MarketXLS formulas refresh automatically when you open your Excel workbook with the add-in installed. Each formula calls the MarketXLS data engine, which pulls current market data from exchange feeds. For example, =Last("XOM") retrieves the most recent trade price for Exxon Mobil. Formulas like =PERatio("XOM") and =DividendYield("XOM") pull calculated fundamental metrics that update as companies report earnings and declare dividends. You can also force a manual refresh at any time through the MarketXLS ribbon in Excel. Visit MarketXLS to learn more about the add-in, or book a demo to see the formulas in action.

The Bottom Line

The energy sector in 2026 presents both extraordinary opportunity and significant risk. Middle East tensions have created a volatile pricing environment where upstream, midstream, and downstream stocks respond in fundamentally different ways. A dedicated energy stock screener in Excel — powered by live MarketXLS formulas — gives you the analytical framework to screen, score, and compare these stocks systematically rather than reactively.

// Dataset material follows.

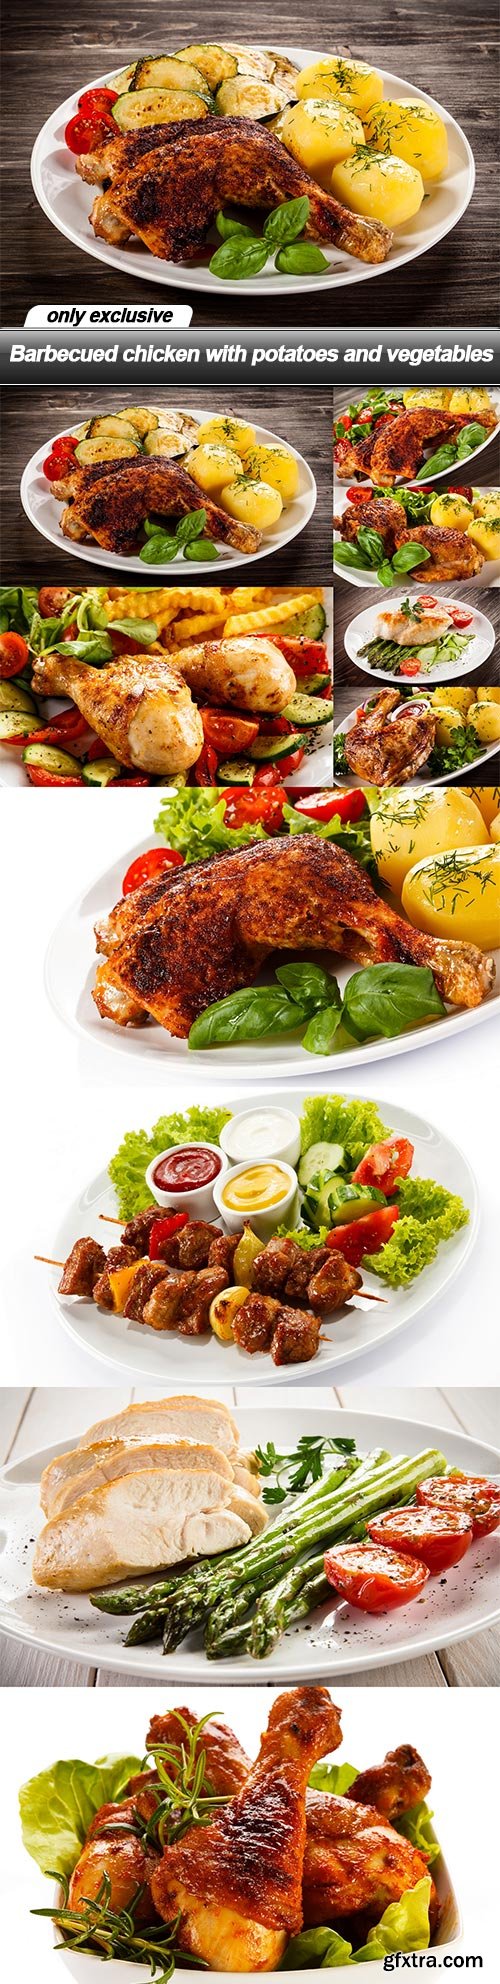 Barbecued chicken with potatoes and vegetables - 10 UHQ JPEG

The template provided here covers the full workflow: from initial screening on the Energy Dashboard, through scenario modeling at different oil price levels, to sub-sector comparison and portfolio allocation. Every data cell uses verified MarketXLS formulas that update in real time, eliminating the need for manual data entry or third-party data subscriptions.

Whether you are building an income-focused portfolio around midstream dividend payers like ET and KMI, pursuing growth through upstream E&P companies like DVN and FANG, or looking for value in downstream refiners like VLO and MPC, the screener adapts to your criteria through adjustable input cells and a transparent scoring system.

To get started with live energy stock data in Excel, visit MarketXLS or book a demo to see how the formulas integrate directly into your spreadsheet workflow.

Important Disclaimer

The information provided in this article is for educational and informational purposes only and should not be construed as investment advice, a recommendation, or an offer to buy or sell any securities. MarketXLS is a financial data platform and is not a registered investment advisor, broker-dealer, or financial planner. Always conduct your own research and consult with a qualified financial professional before making any investment decisions. Past performance is not indicative of future results. Trading and investing involve substantial risk of loss.